This trick is described in more detail at the end of this blog post : http://steckdenis.wordpress.com/2011/08/07/when-easy-is-difficult-and-vice-versa/ .

Queuing an event

Once the Coal::Kernel object is created and its args set, the client application can call clEnqueueTask() or clEnqueueNDRangeKernel(). These functions create a Coal::KernelEvent object responsible for telling the device to execute the kernel.

When the event arrives on the device (see Command Queues, Events and Worker Threads), Coal::CPUDevice initializes the LLVM JIT (Coal::CPUProgram::initJIT()) and then does that in src/core/cpu/worker.cpp :

 KernelEvent *e = (KernelEvent *)event;
 CPUKernelEvent *ke = (CPUKernelEvent *)e->deviceData();

 // Take an instance
 CPUKernelWorkGroup *instance = ke->takeInstance();
 ke = 0;     // Unlocked, don't use anymore

 if (!instance->run())
     errcode = CL_INVALID_PROGRAM_EXECUTABLE;

 delete instance;

The first step is to use Coal::Event::deviceData() to get a Coal::CPUKernelEvent object. See Coal::Event::setDeviceData() and Coal::DeviceInterface::initEventDeviceData().

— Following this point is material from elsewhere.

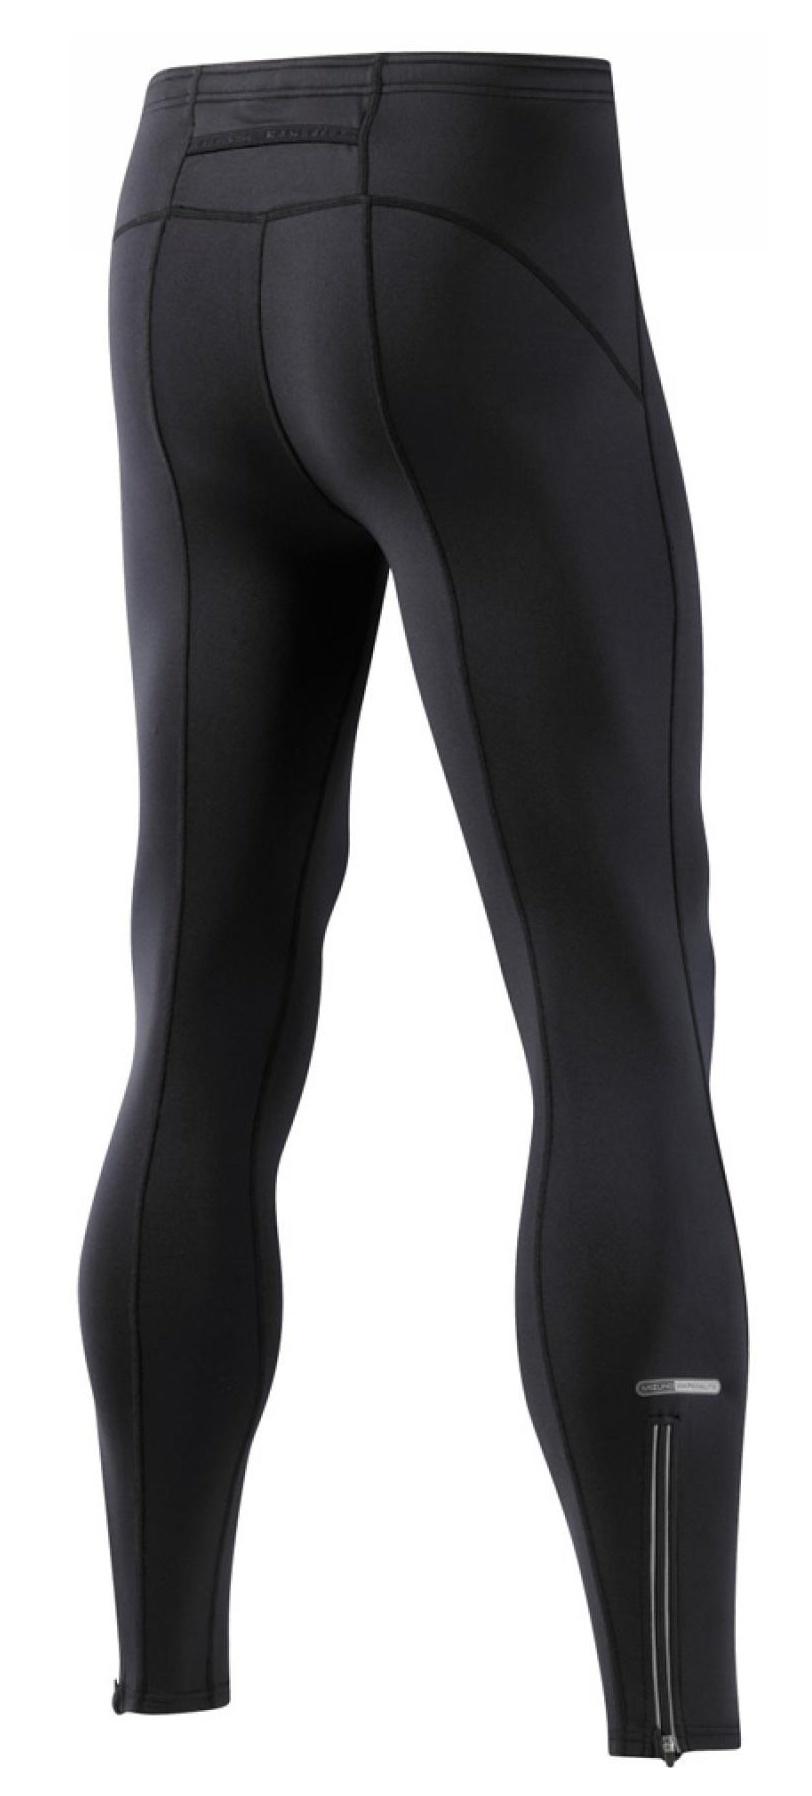 Мужские тайтсы Mizuno Warmalite Long Tights black (67RT370 09) фото

This Coal::CPUKernelEvent holds information about the event needed by Coal::CPUDevice.

How Clover handles work-groups and work-items

The next line is interesting : Coal::CPUKernelEvent::takeInstance() is called. This function works in pair with Coal::CPUKernelEvent::reserve() called from Coal::CPUDevice::getEvent().

A kernel is run in multiple "work groups", that is to say batches of work items. The worker threads (see Command Queues, Events and Worker Threads) take work-groups one at a time, so there can be multiple work groups of a single kernel running concurrently on a multicore CPU.

Command Queues, Events and Worker Threads gives more details about that, but the main principle is that there is a list of events a worker thread can execute. For Coal::KernelEvent, a worker thread calls Coal::CPUKernelEvent::reserve() to see if there is a work-group available for execution (that is to say if the work groups aren't yet all executed). If there is one available, a mutex is locked and the function returns. Then, the worker thread calls Coal::CPUKernelEvent::takeInstance() to actually get the work-group, and runs it through Coal::CPUKernelWorkGroup::run().

Passing arguments to the kernel

Once the work-group is taken, it is run and must call the kernel function (using the JIT) for every work-item. This is done very simply by getting a function pointer to the kernel using llvm::ExecutionEngine::getPointerToFunction(). This function must now be called with the needed arguments.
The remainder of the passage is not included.